Firstly the proposed specification license is tightly coupled with (passing) the TCK (which has its own problems, see the last point below) and contains restrictions, specifically on sub and super setting, which are incompatible with the GPL. But since most of the specification, like those for the full class library are also published under the GPL (just do a yum install java-1.6.0-openjdk-javadoc), such restrictions on the official final specification license are counter productive and conflict with the actual implementation license used for OpenJDK. Secondly the proposed reference implementation license is still proprietary. As I pointed out before, this prevents anybody comparing pure OpenJDK, IcedTea or other derived binaries with the “official” reference implementation binaries. This again is counter productive for the community that actually produces these GPLed binaries. Mark Reinhold used to publish binaries of the Jigsaw work in progress under free terms on dl.openjdk.java.net, which would be a much better fit. Finally the proposed TCK license contains (field of use) restrictions. These were unworkable for OpenJDK6 and so a special Community TCK License Agreement had to be created. It would be nice if such special case TCK license terms weren’t necessary and OpenJDK7 derivatives could have a TCK license without GPL-incompatible restrictions from the start.

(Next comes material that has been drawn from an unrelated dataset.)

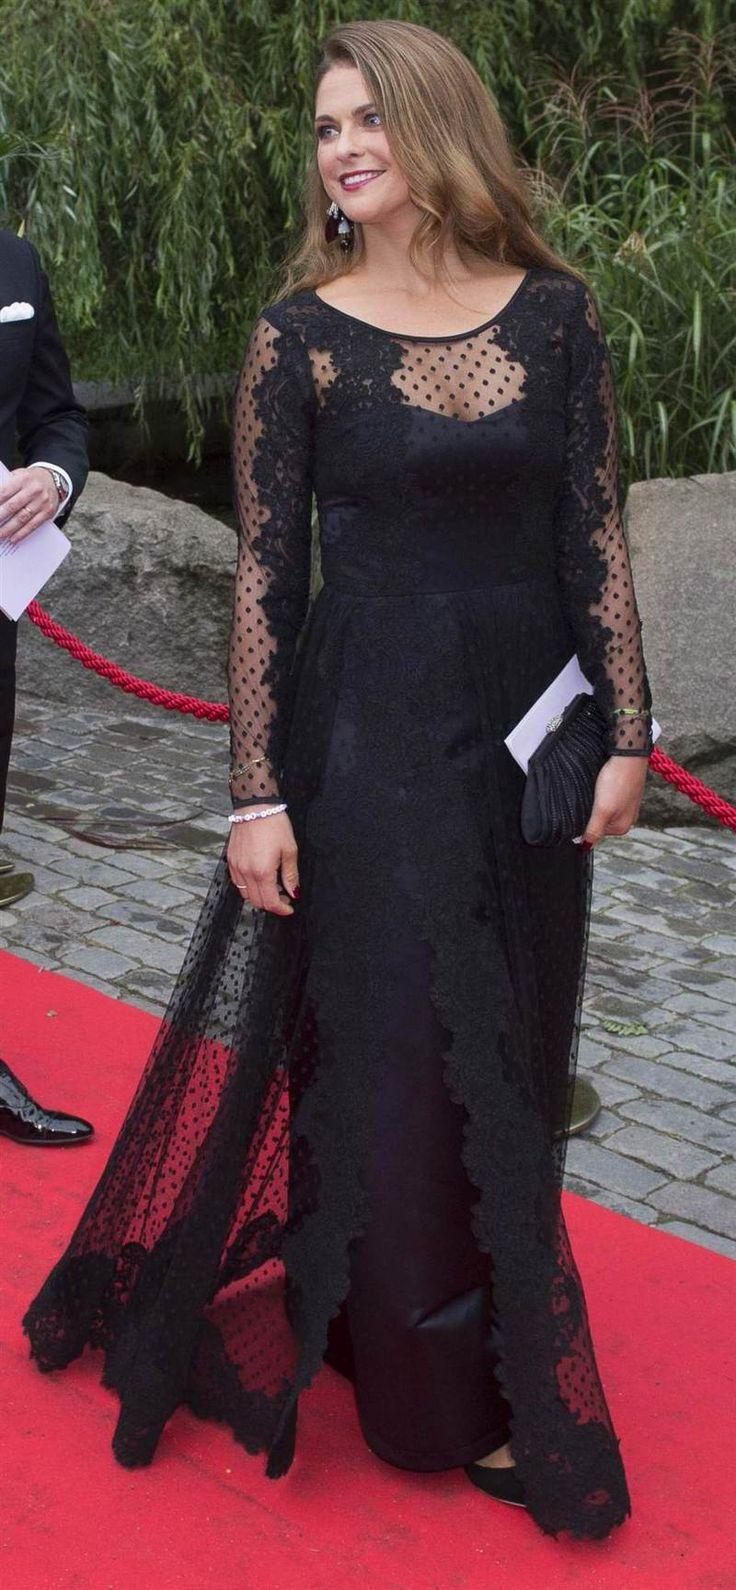 Princess Madeleine of Sweden attended the World Childhood Foundation banquet 9/8/14

If these legal nitpicks could be fixed, then these platform JSRs look pretty sweet. Without these legal terms fixed however we could end up with a somewhat schizophrenic split community. Where those who collaborate on the open, free, GPLed implementation that is being standardized aren’t actually allowed to use the finalized specification, reference implementation and compatibility testsuite to check their own work.